我上了车,坐上副驾驶座。弗洛朗侧过身子,对我点头示意,歉意的笑笑,并与我行贴面礼。
他开动了车。
然后他才慢慢开口。向我解释情况和道歉。
他的声音是那种低音炮,还带点烟嗓。绿眼睛,高额头,短发,说话不慌不忙......虽然我不算颜控,弗洛朗也说不上帅的惊人天人,可他的相貌真的就恰好长在我的审美点上。

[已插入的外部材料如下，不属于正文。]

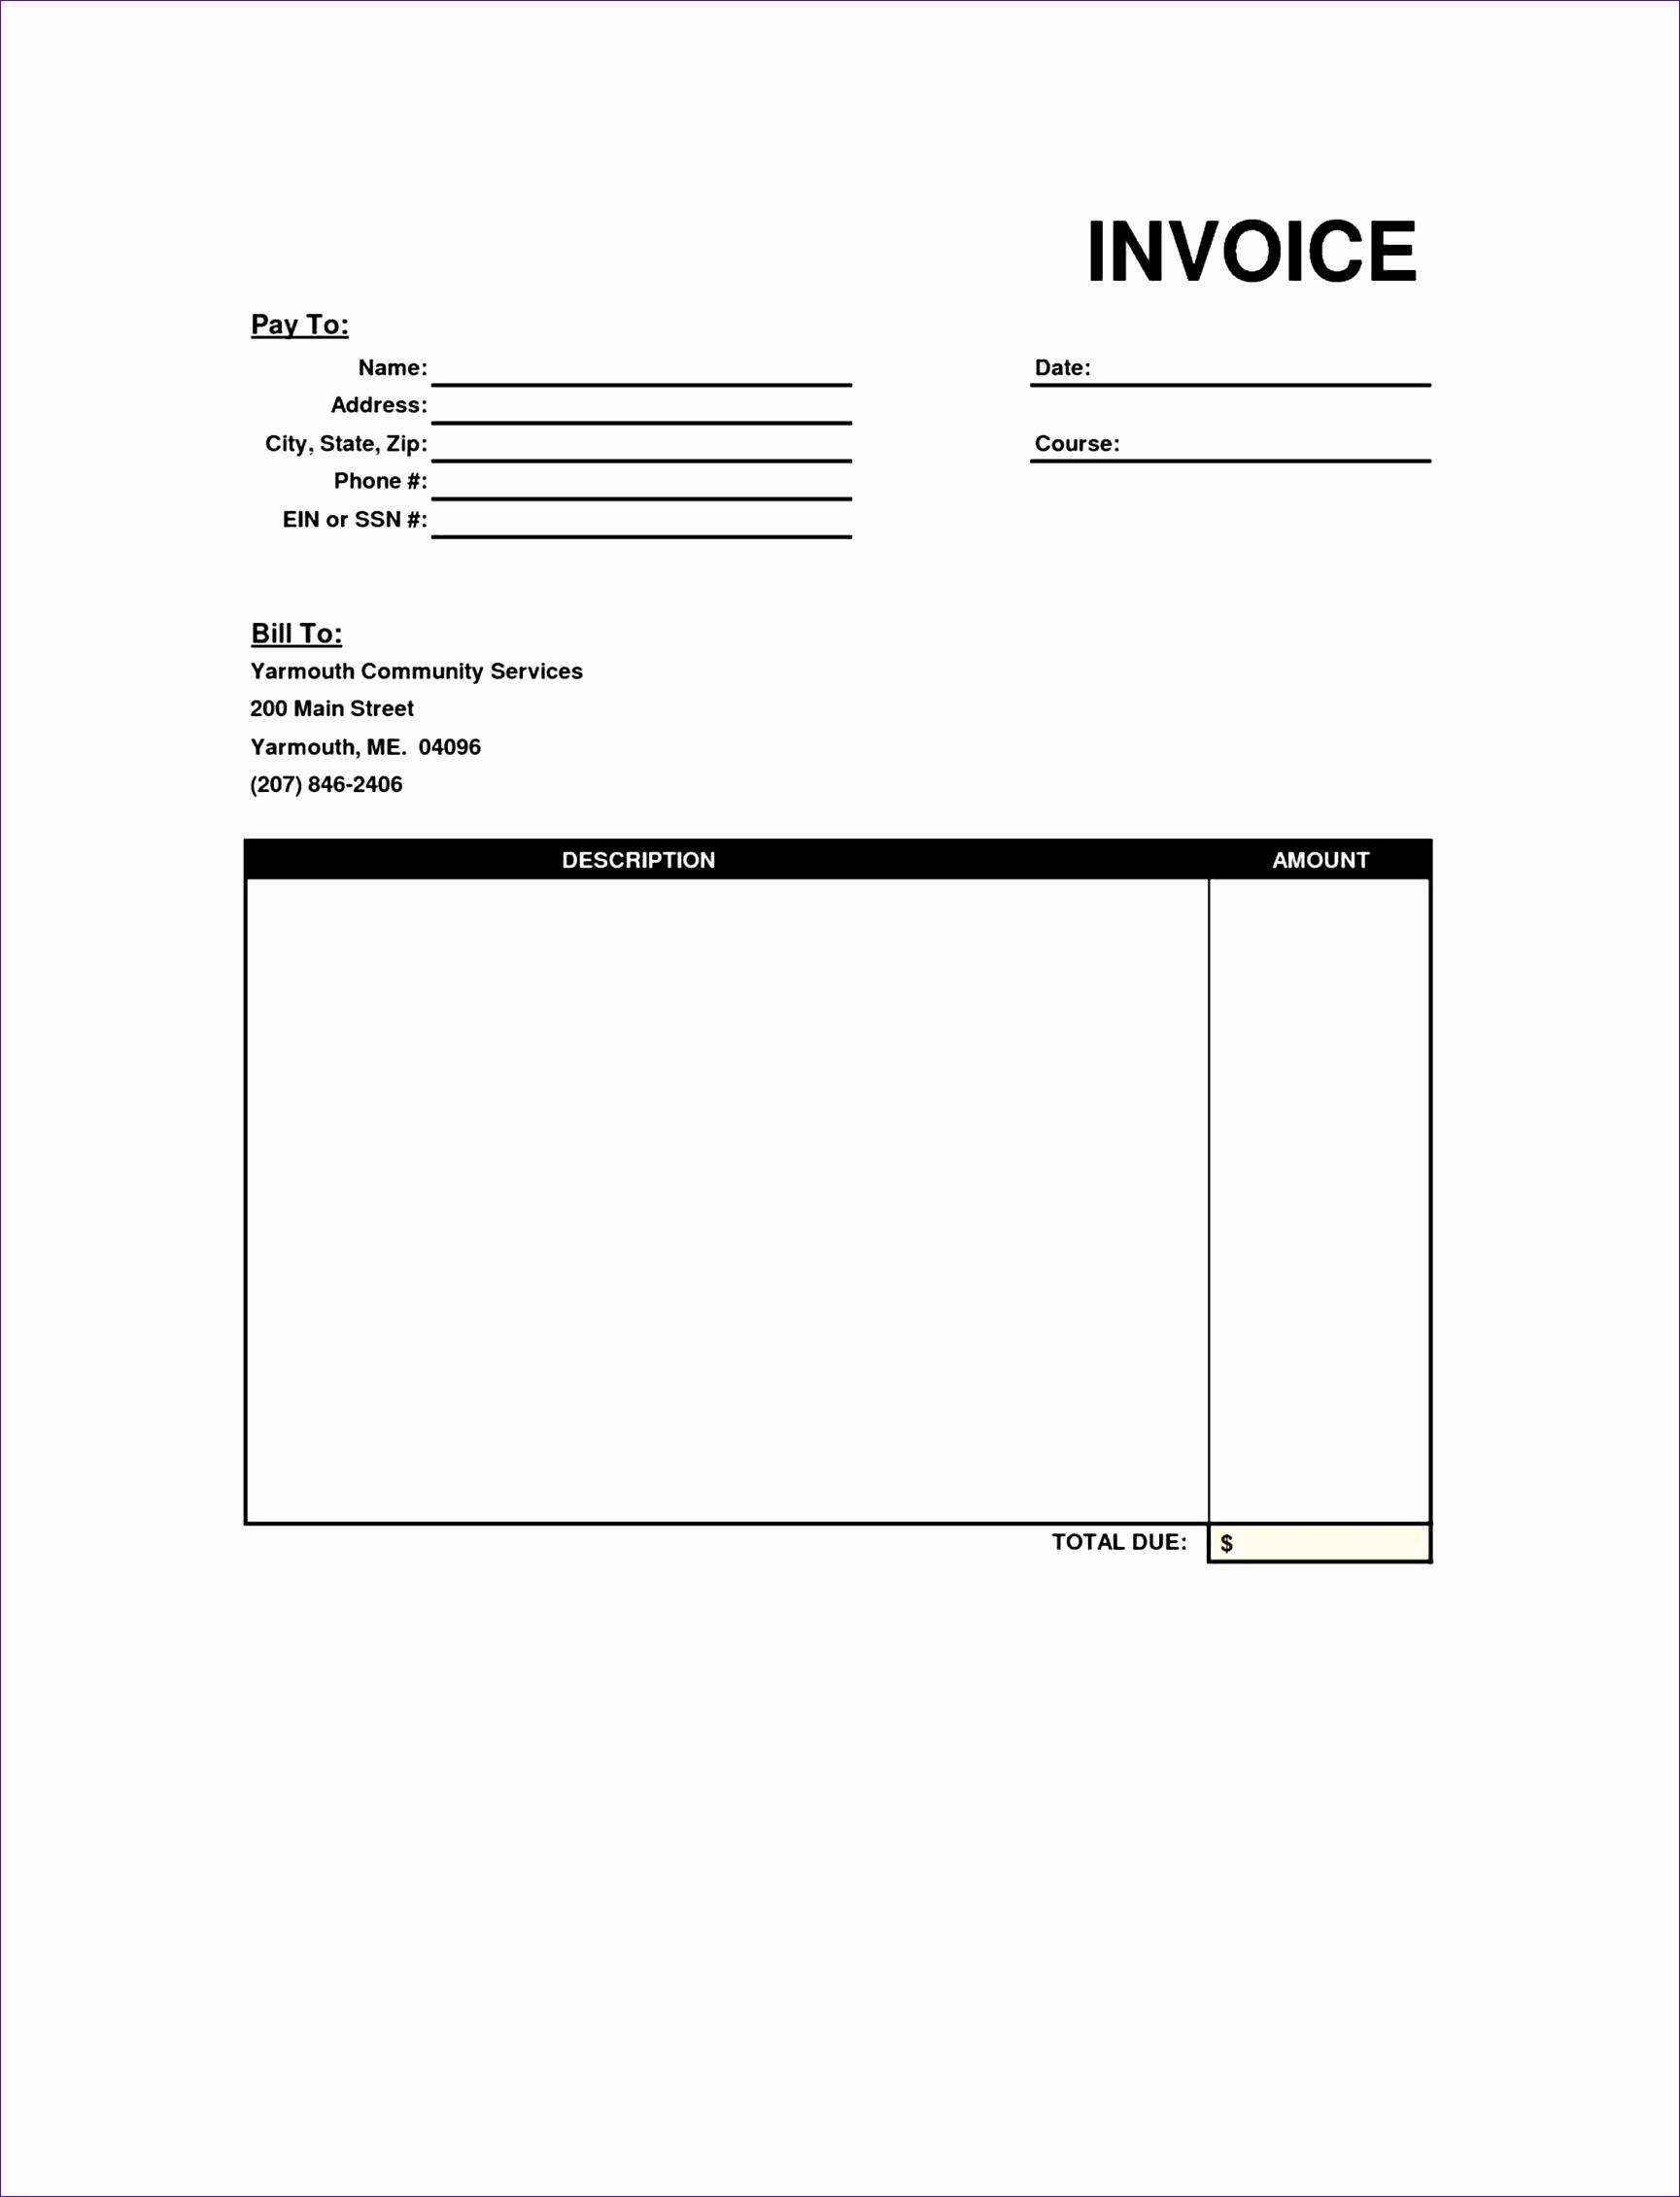 u notators formilesinfo simple Services Invoice Template invoice template services rendered u notators formilesinfo consulting example ideas consulting Services Invoice Template invoice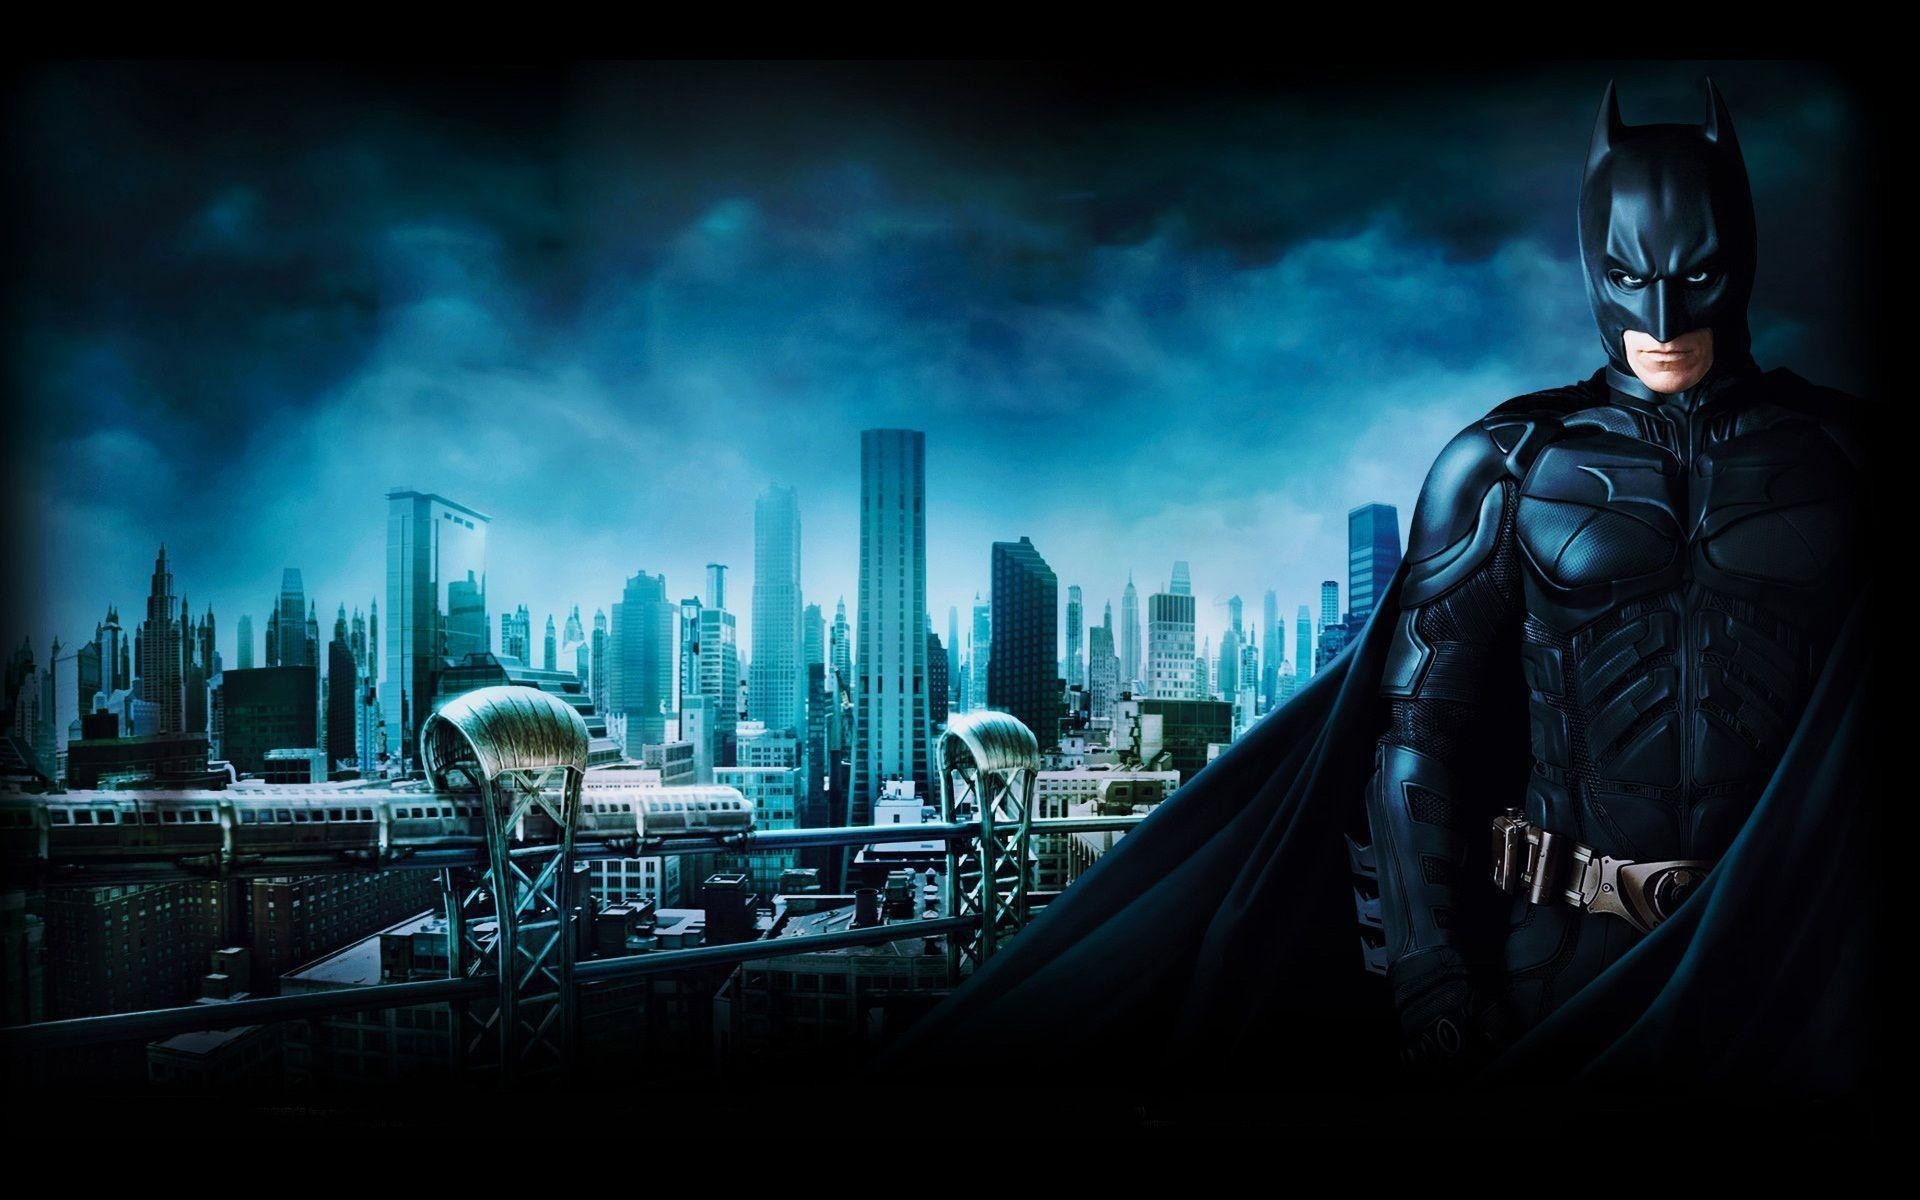 Batman 3 Gotham City Wallpapers | HD Wallpapers

没开几步,我们的车直接就堵在了拉丁区。在堵住的车流中,我们随意闲聊起来。
大概是谁先问起周六过的怎么样,这种客套的问题。
我们就有一句没一句的聊着。说着说着,我懊恼起中午不小心扔进洗衣机的丝绸衬衣。弗洛朗抱怨起周六他还不得不加了一天班。
“这可是在法国!你们公司难道是中国老板吗?还是犹太老板?” 我开了个玩笑。
没想到,弗洛朗的公司还真是个犹太家族企业。我们都笑了。车里满是欢快的空气。
车流终于动起来,弗洛朗往西北边开。我们很快来到了,巴黎东北角的蒙马特高地。可是,周六的巴黎蒙马特,不比拉丁区人少,也是人声鼎沸,没有空的停车位。
在蒙马特弯弯曲曲高高低低的小道上,转悠了几圈之后,我们又放弃了蒙马特高地。
弗洛朗又往西开,想开到香榭丽舍大街一带,那里至少有付费的地下停车场,更大可能有位置。